Culturally diverse needs in aged care
On the eve of the Royal Commission into Aged Care Quality and Safety, a group of UTS students working as part of UTS Shopfront, teamed up with SEVA International, a not-for-profit peak body focusing on the needs of the rapidly expanding Australian South Asian community in Sydney. Together they produced the report Considering Culture: Australian Aged Care Service Design and South Asian Communities.
The report highlights the gap between the demand for culturally appropriate aged care facilities and the systems that provide these services.
In the Cumberland, Parramatta and Blacktown regions of Western Sydney alone, the South Asian community makes up 14 per cent of the total population. However, this area of Sydney has only two providers offering culturally appropriate aged care services specific to this group.
More generally, older people in Australia seeking aged care services – whether in the home or externally – speak a variety of languages, have diverse dietary needs and preferences, and follow a range of spiritual practices, particularly when it comes to end-of-life decision making. These needs are often not well catered for.
The Royal Commission into Aged Care Quality and Safety presents a new opportunity to consider the state of culturally appropriate aged care in Australia, with a number of recommendations addressing the changing demographics and preferences of older people.
On top of this, recent policy changes have created space for a conversation around how culturally appropriate aged care should be legislated for and funded. Policy documents, such as the Aged Care Diversity Framework and the Aged Care Quality Standards, mandate a framework for including the CALD community in the aged care sector but lack specific funding mechanisms outside the Aged Care Approval Rounds to ensure they are met.
The students’ findings in the report indicated several steps that could be taken to address exclusion in the aged care sector and the growing need for culturally appropriate services.
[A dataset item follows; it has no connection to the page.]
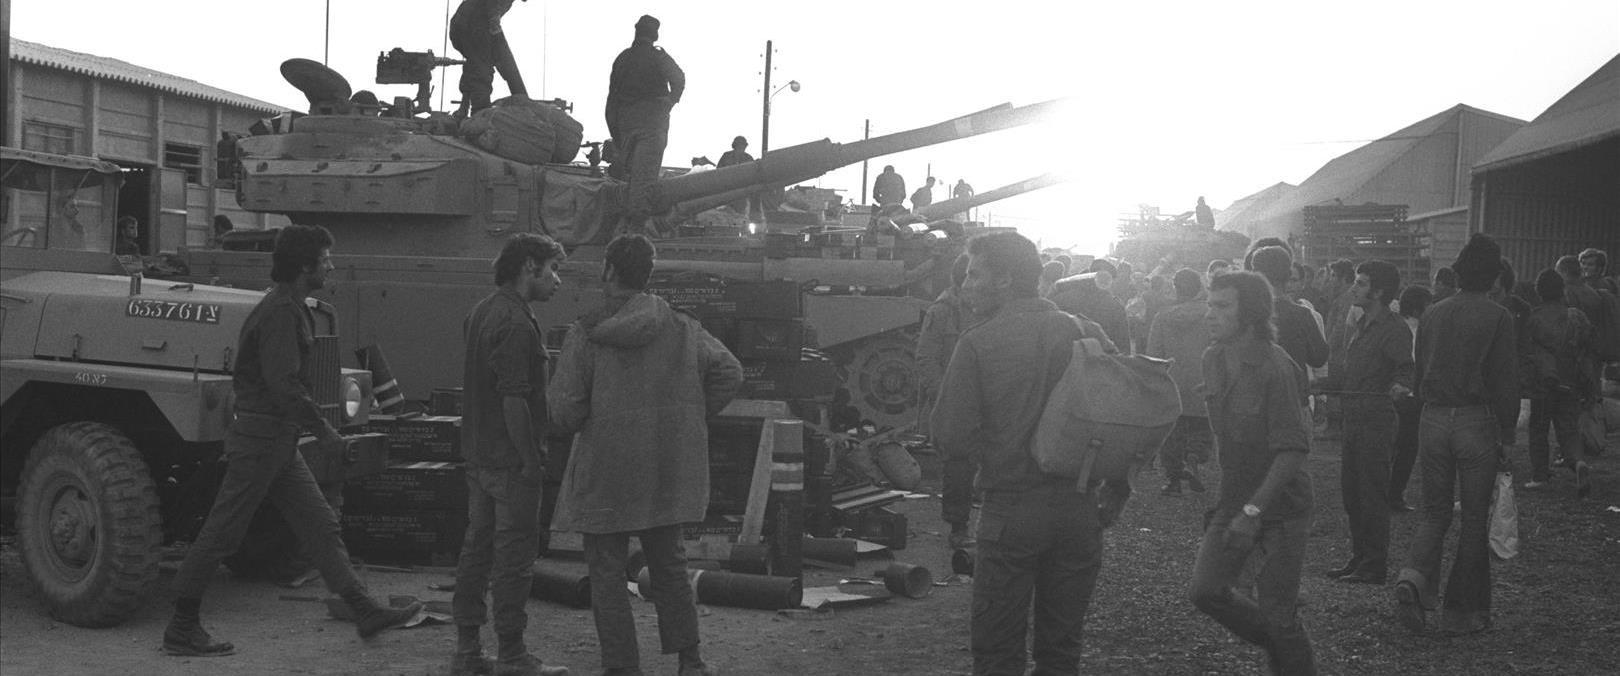 חיילים במלחמת יום הכיפורים

Additional resources should be targeted towards South Asian community members aged between 55 and 64 living in Cumberland, Parramatta and Blacktown regions, and efforts should be put towards understanding and supporting cultural considerations of post-life practices, including funeral services that consider specific cultural and religious sensitivities.
Assisted living options could be improved with cultural sensitivity in mind, including in-home services such as nursing and respite care, community transport, and home help with everyday living and community care, which includes shared facilities and services (such as recreation facilities).
Further research could be undertaken in this region and in other local government areas, including Liverpool and Campbelltown, where the South Asian community comprises 18 per cent of the total population.
Given the multicultural nature of Australian society, cultural considerations should be at the heart of service planning in the aged care sector.